Signal Processing/Image Editing

As an image is a type of 2-D signal; instead of just time-amplitude pairs that correspond to a voice transmission, consider "time in the X domain"-"time in the Y domain"-amplitude pairs. That is, an X coordinate, a Y coordinate and an amplitude. This will give you a monochromatic image. As such, signal processing tools can be used in editing images.

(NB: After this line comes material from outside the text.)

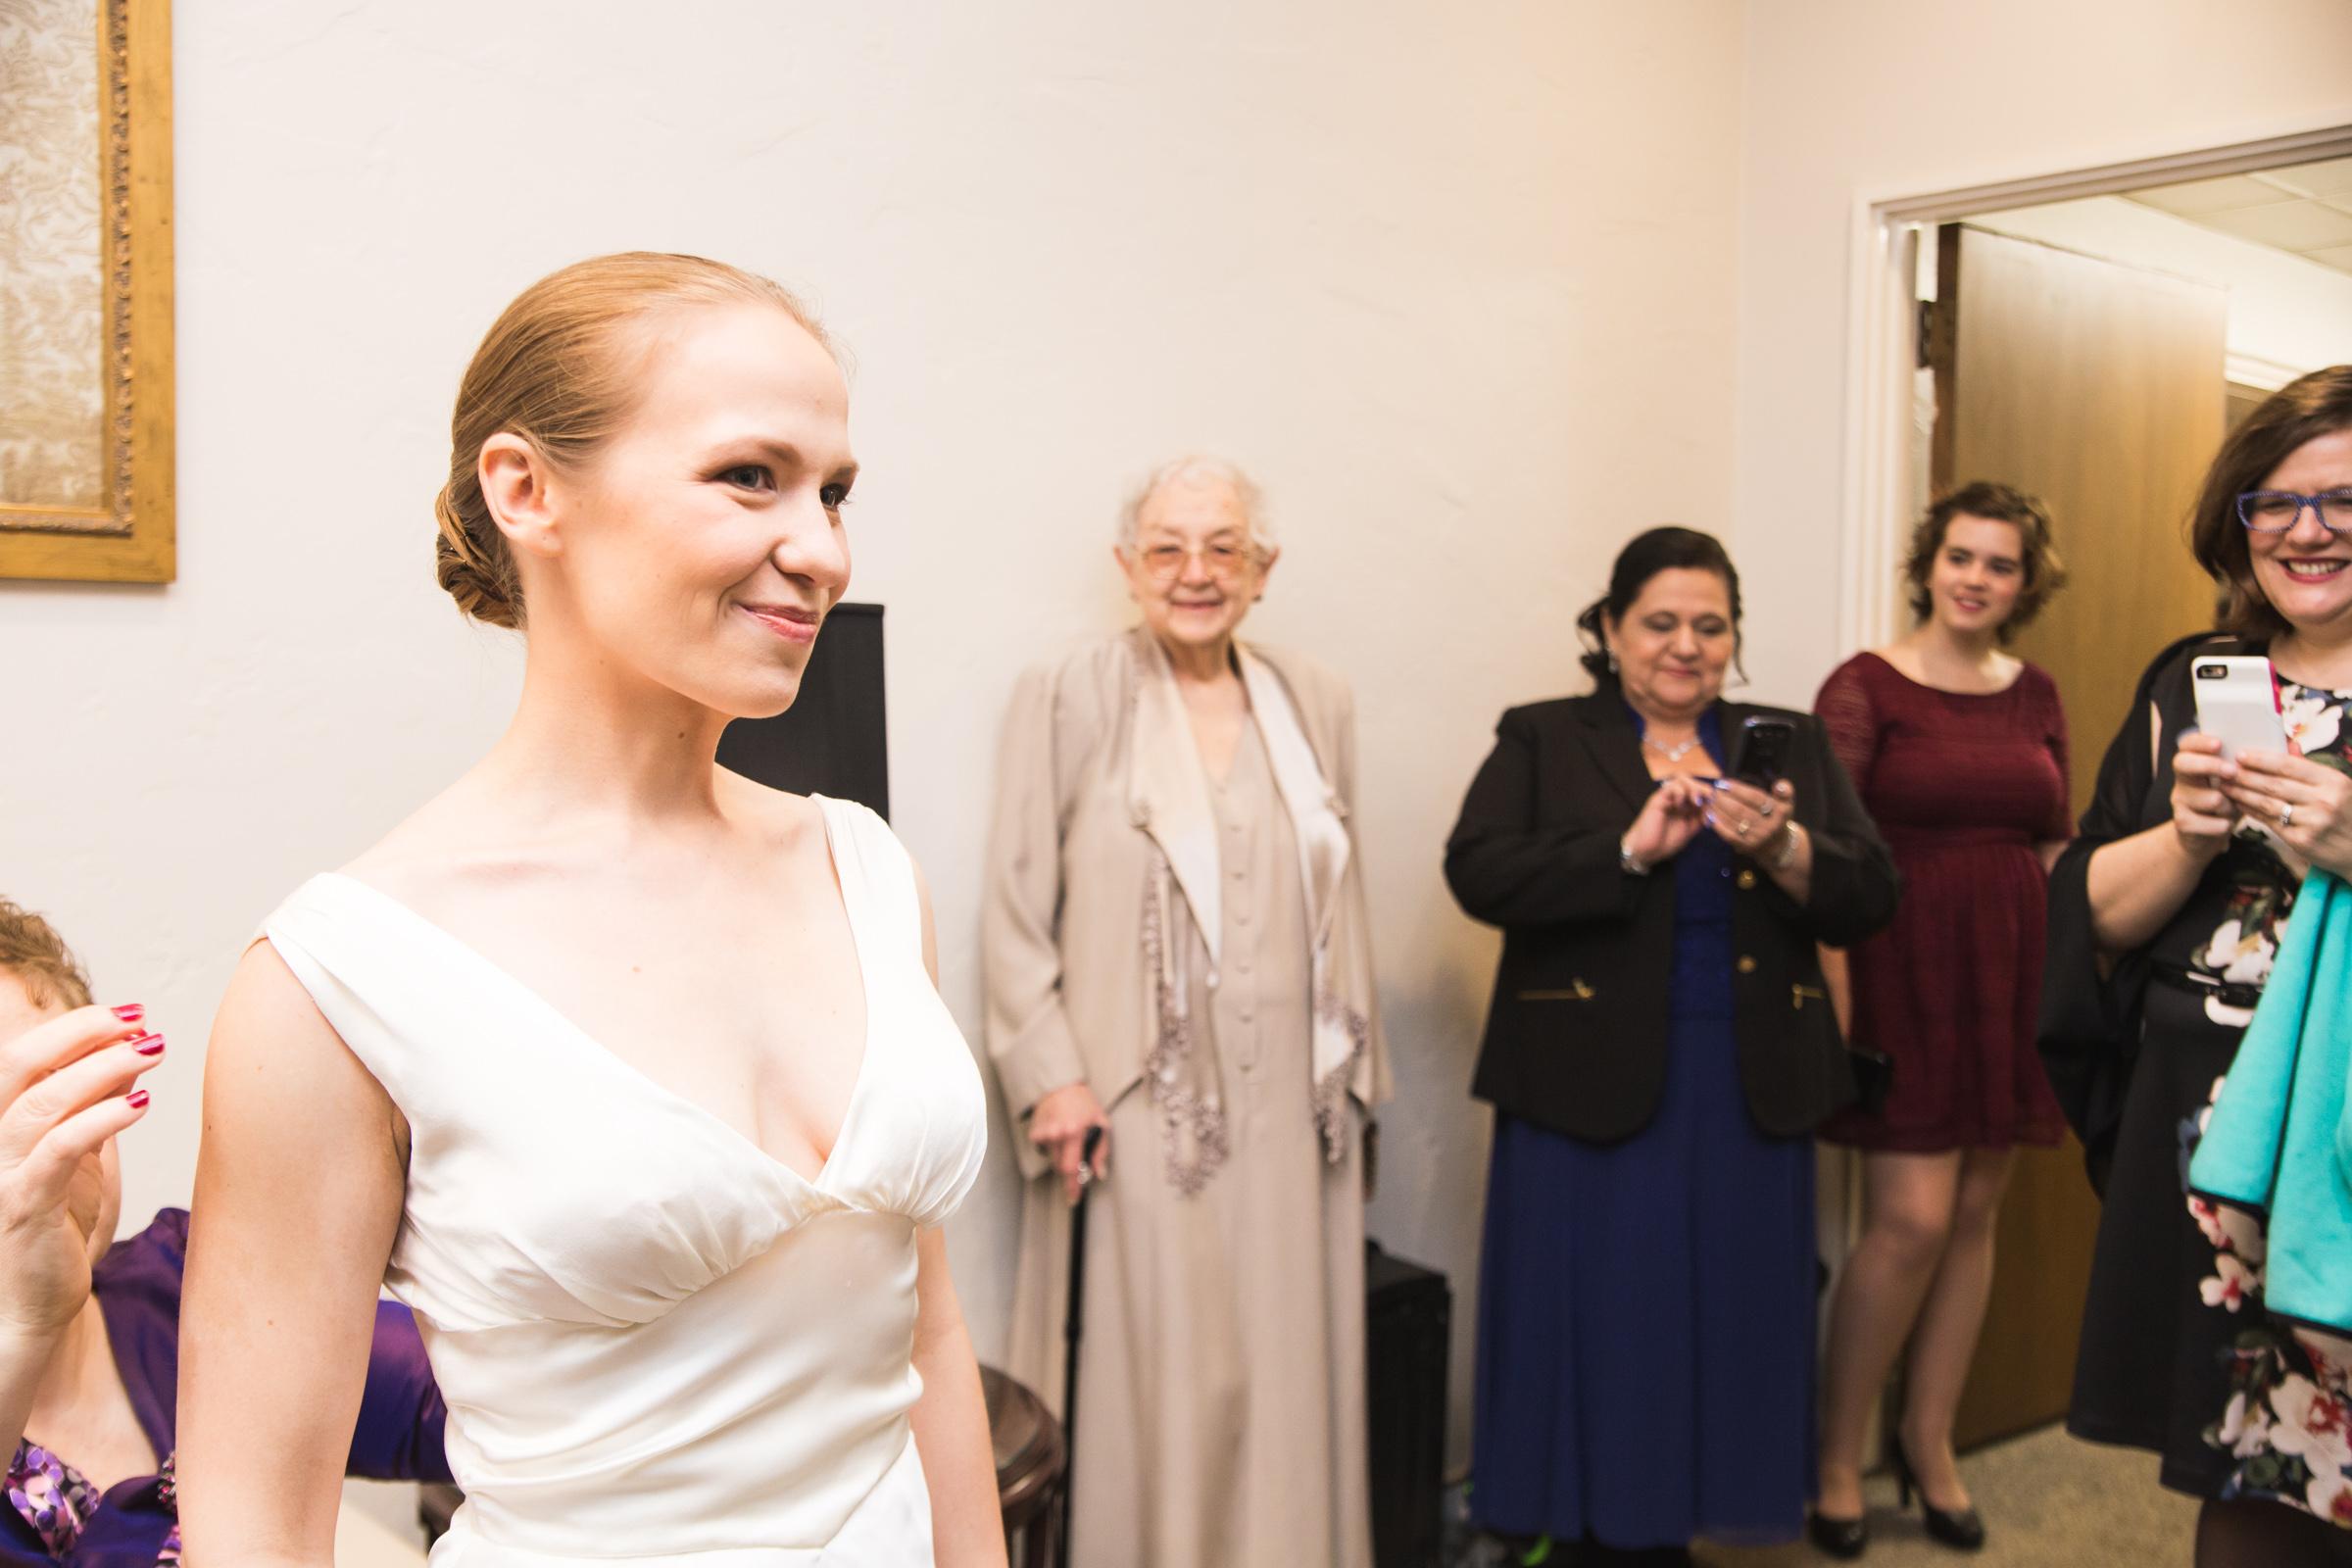 DannyandHazelruth-SanDiego-Wedding-013016-0118.jpg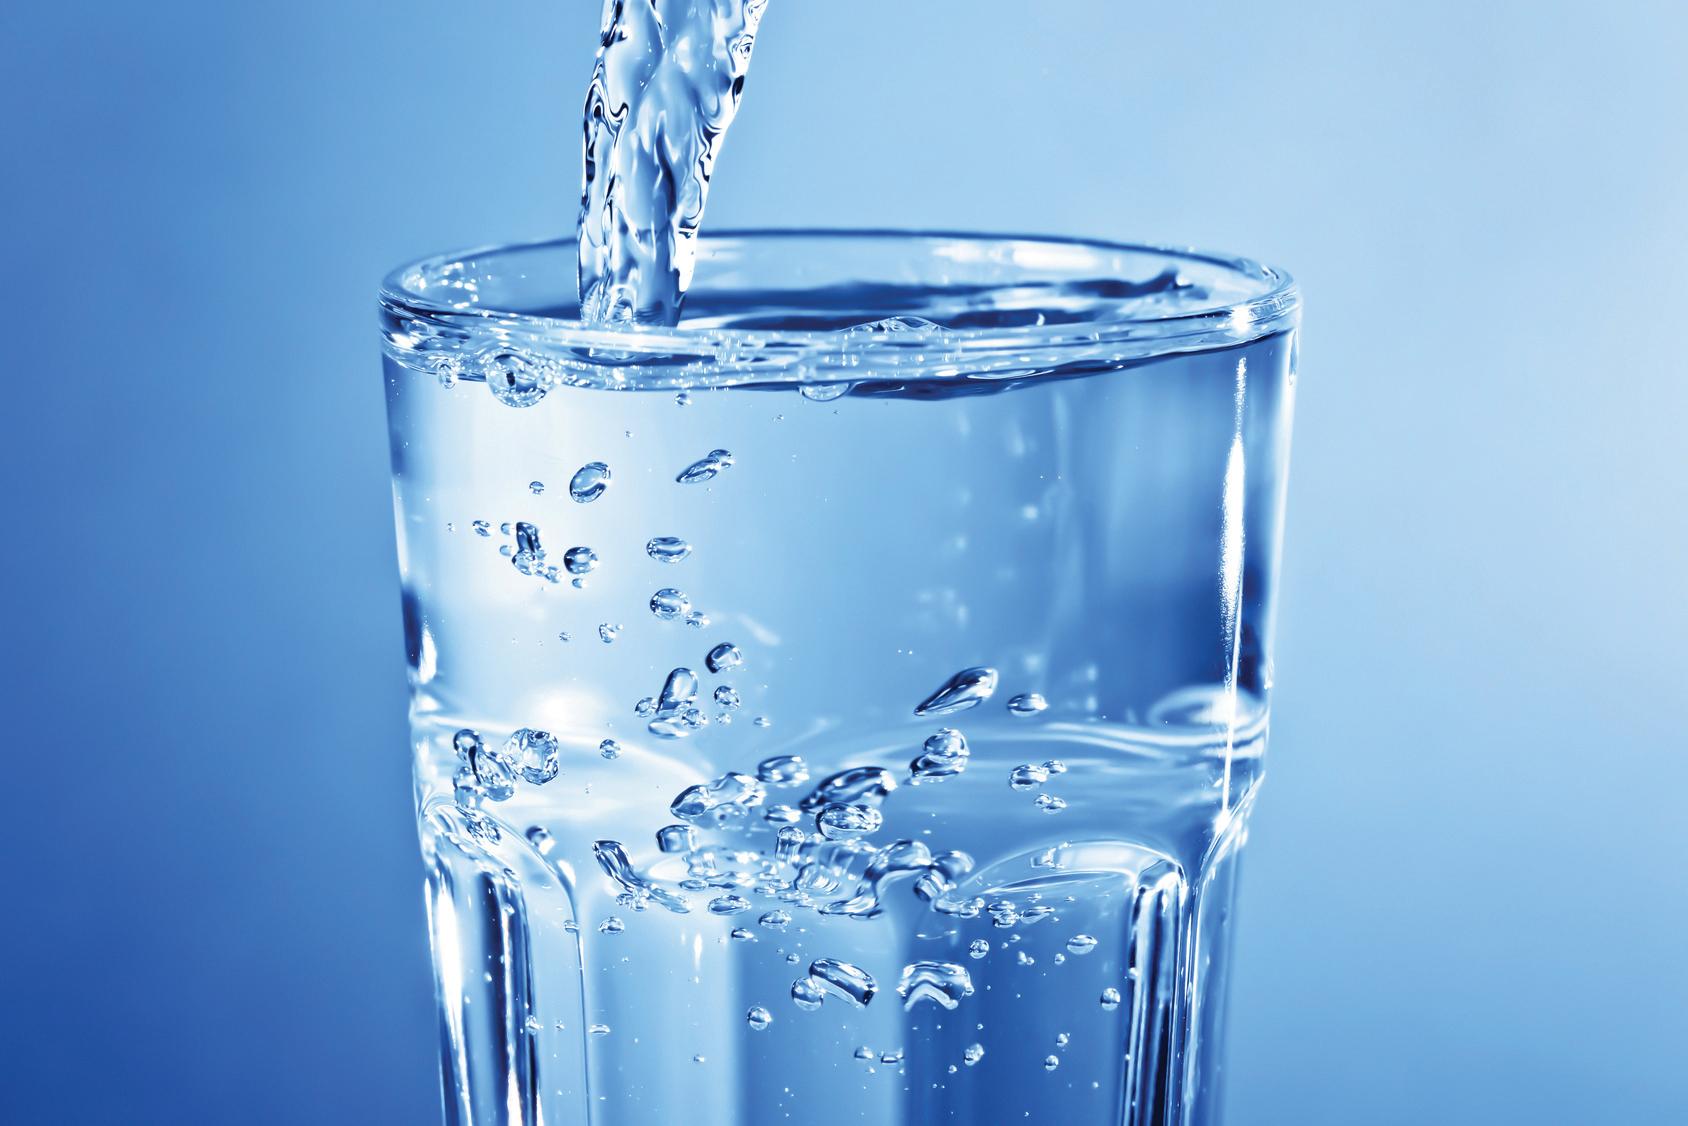 Sauberes klares Leitungswasser im Glas - Momentaufnahme

Singular Value Decomposition

The Singular Value Decomposition is a matrix decomposition (another way to say factorization).

${\displaystyle M=U\Sigma V^{*}}$

where

• U is an m×m unitary matrix over.
• Σ is an m×n diagonal matrix with nonnegative real numbers s_{n,n} on the diagonal where
${\displaystyle s_{1,1}>s_{2,2}>\ldots s_{n,n}}$
• V*, an n×n unitary matrix. V* is the conjugate transpose (take the complex conjugate of all entries, and then perform a transpose operation on the matrix) of V.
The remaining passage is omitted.